Atualmente está estabelecida em imóvel alugado com espaço insuficiente para instalar novo
maquinário. Por essa razão, solicitou ao Município um local adequado para construir seu próprio
galpão e atender a demanda crescente por seus produtos e serviços.
Em sendo autorizada a concessão, a empresa deverá construir e iniciar suas atividades no local
no período máximo de 18 meses, a contar da assinatura do contrato de concessão.

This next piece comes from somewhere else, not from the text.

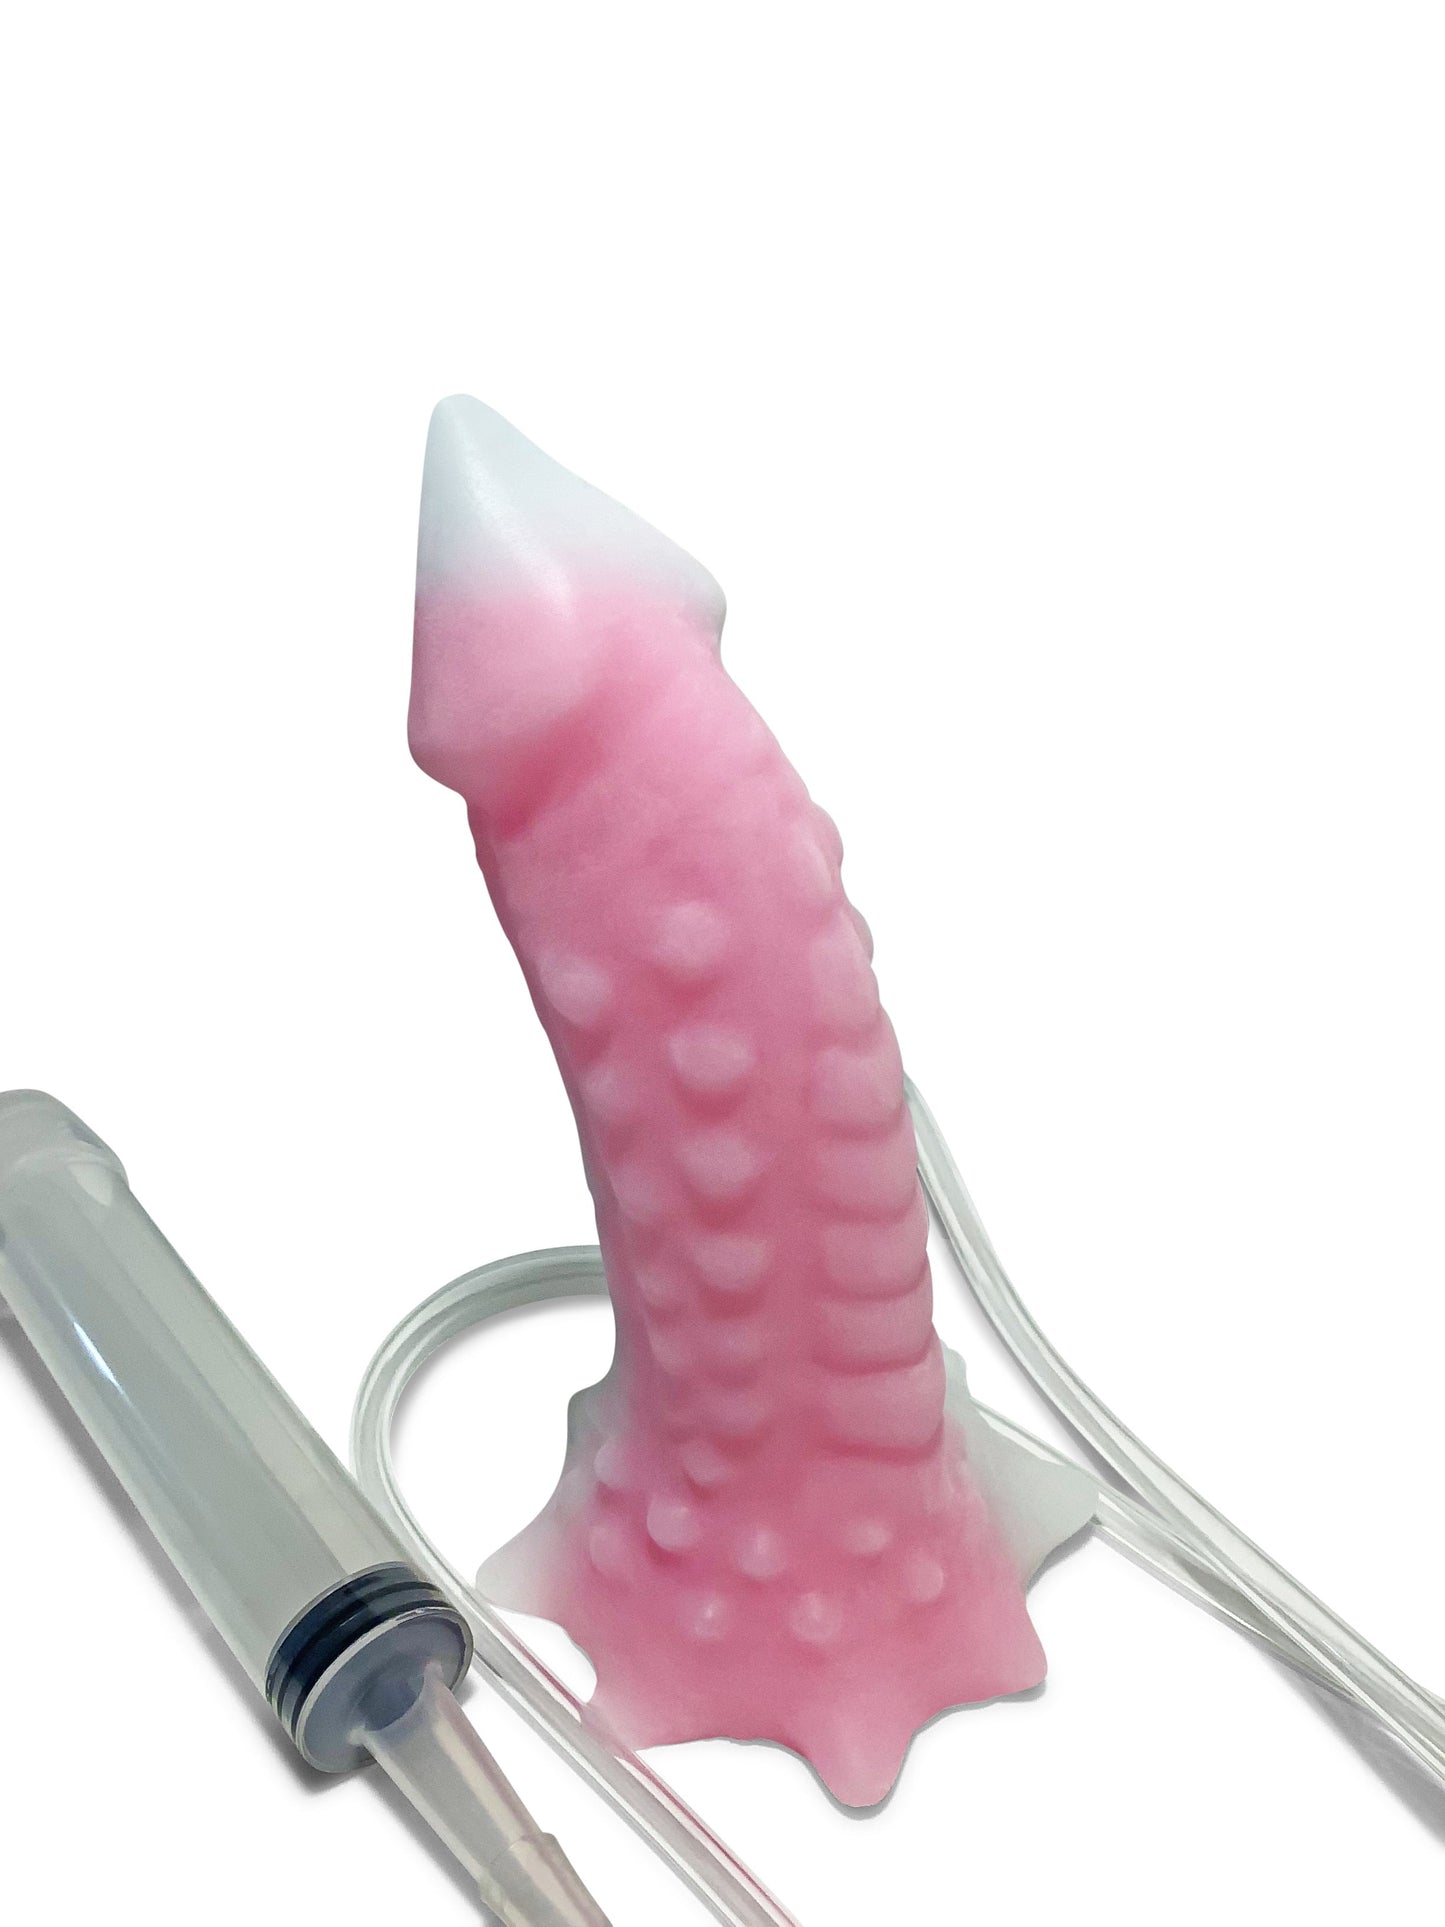 Ejaculating Dildo "The Beast" Dildo Squirting Penis Sex Toy

Com essas justificativas, aguardamos que os vereadores votem e aprovem a presente
proposição de lei.
Atenciosamente.
EUGÊNIO PINTO
Prefeito Municipal
COMISSÃO DE JUSTIÇA E REDAÇÃO
RELATÓRIO
AO PROJETO DE LEI Nº. 73/2010
Gleison Fernandes de Faria
Presidente/Relator da Comissão
Tendo esta Comissão, recebido na data de 25 de agosto de 2010, por parte da Secretaria Legislativa da Câmara Municipal, a remessa do Projeto de Lei nº. 73/10, de 13 de Agosto de 2010, nesta Casa registrado
sob o nº 73/2010, que autoriza a concessão de Direito Real de Uso de imóvel para os fins e nas condições
que menciona e dá outras providências e, tendo o Presidente desta Comissão avocado para si a relatoria da
presente mensagem de Lei com o fim de relatar sobre a matéria em apreço, passa-se a expor as seguintes
considerações:
• Preliminarmente, em que pese a proposição ora em tramitação estar dentro do princípio da Legalidade, especialmente no que tange ao cumprimento das normas regimentais desta Casa de Leis, tendo sido instruída
com toda documentação pertinente, somos de entendimento que a matéria deve ser submetida de forma criteriosa à apreciação plenária.
• Entretanto, observado o conteúdo do requerimento inserido às fls. 36 a 38, instruído com a documentação
de fls. 39 a 48, protocolizado nesta Casa na data de 02/09/2010, às 10:45 hs sob o nº 4.824, temos que a pessoa jurídica Real Locadora Industria e Comércio de Sinucas e Games Ltda., trouxe-nos à baila comprovação
de que a área de terreno objeto da presente doação, teria sido objeto de igual teor através da Lei nº 4.220 datada de 10 de julho de 2007, bem assim, objeto de notificação administrativa e extinção de concessão através da Portaria nº 08 datada de 07 de abril de 2010, lavrada pelo sr. Adriano Machado Diniz, Secretário Municipal de Administração, tendo-se em vista o descumprimento de cláusulas do contrato de concessão, especialmente o conteúdo da cláusula 7º do instrumento afim, que havia conferido o prazo de 12 meses para
transferência do endereço da sede e início de atividades, cujo prazo se expirou em 27 de agosto de 2008.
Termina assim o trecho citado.